HAL’s light combat helicopter completes air-to-air missile firing

18 January 2019 (Last Updated January 18th, 2019 11:14)

Indian state-owned company Hindustan Aeronautics Limited’s (HAL) Light Combat Helicopter (LCH) has carried out air-to-air missile firing on a moving aerial target.

HAL’s light combat helicopter completes air-to-air missile firing
The air to air missile firing was conducted in integrated test range at Chandipur in Odisha. Credit: ©Sanjay Simha / Hindustan Aeronautics Limited.

Indian state-owned company Hindustan Aeronautics Limited’s (HAL) Light Combat Helicopter (LCH) has carried out air-to-air missile firing on a moving aerial target.

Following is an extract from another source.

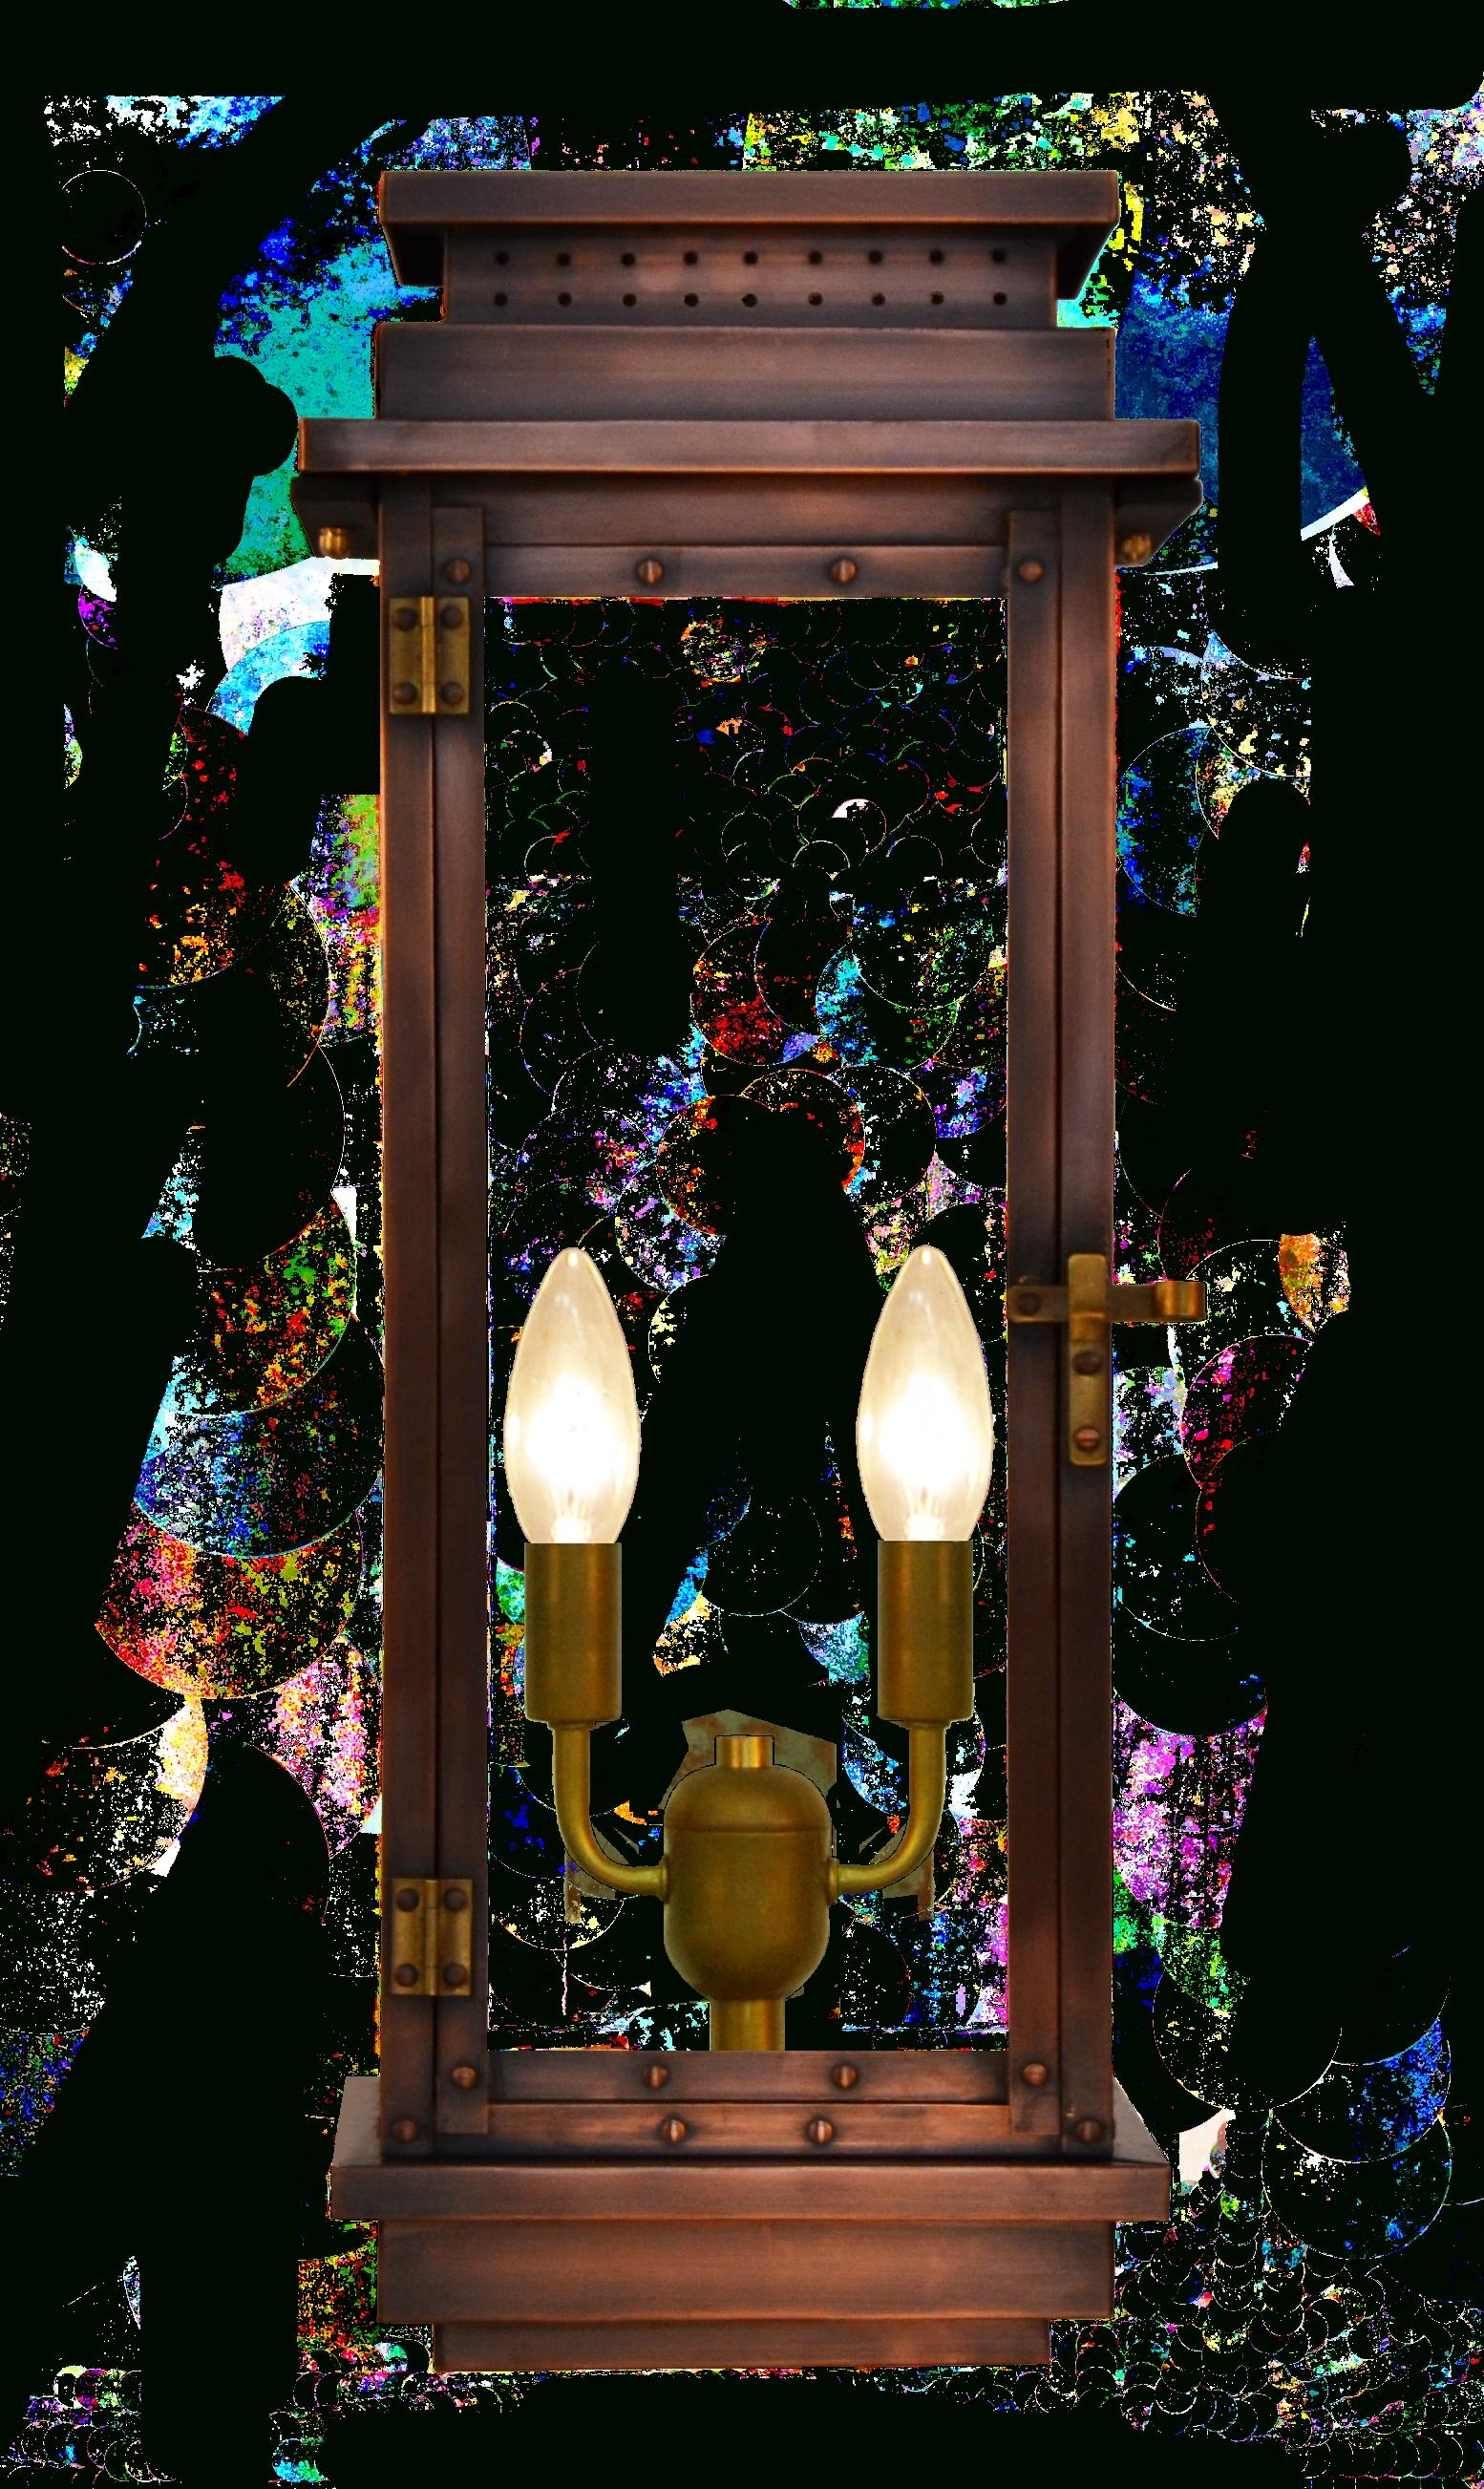 Contempo Gas Or Electric Copper Lantern - Outdoor Lighting & Lamps in Copper Outdoor Electric Lanterns (Image 5 of 20)

The company achieved the milestone during test-firing conducted in integrated test range at Chandipur in the state of Odisha.

Test pilots achieved a direct hit on the aerial target and destroyed it completely.

HAL chief managing director R Madhavan stated that the mission represents the first time in the country that a helicopter has performed air-to-air missile engagement.

Madhavan added: “None of the helicopters with the military services in the country has demonstrated such a capability. With this, LCH has successfully completed all weapon integration tests and is ready for operational induction.”

The LCH is also armed with a 20mm turret gun and 70mm rockets. The firing trials of these weapons have been completed last year.

“The fire and forget missile is capable of tackling all types of aerial threats, including unmanned aerial vehicles (UAVs) and microlight aircraft.”

Designed and developed by HAL’s Rotary Wing Research & Design Centre (RWRDC), the helicopter can operate at altitudes as high as Siachen glacier located in the eastern Karakoram range in the Himalayas.

The helicopter has been developed to meet the operational needs of Indian Armed Forces.

The presence of helmet-mounted sight and forward-looking infrared sighting system enables LCH pilots to detect and destroy any ground-based or aerial target without the need to turn the helicopter.

The fire and forget missile is capable of tackling all types of aerial threats, including unmanned aerial vehicles (UAVs) and microlight aircraft.

Furthermore, HAL noted that LCH can operate from dispersed locations and fly at ultra-low levels, offering protection to forces from all aerial threats.

The Defence Acquisition Council (DAC) has given the approval for procurement of initial batch of 15 LCHs, including ten for the Indian Air Force (IAF) and a further five for Army.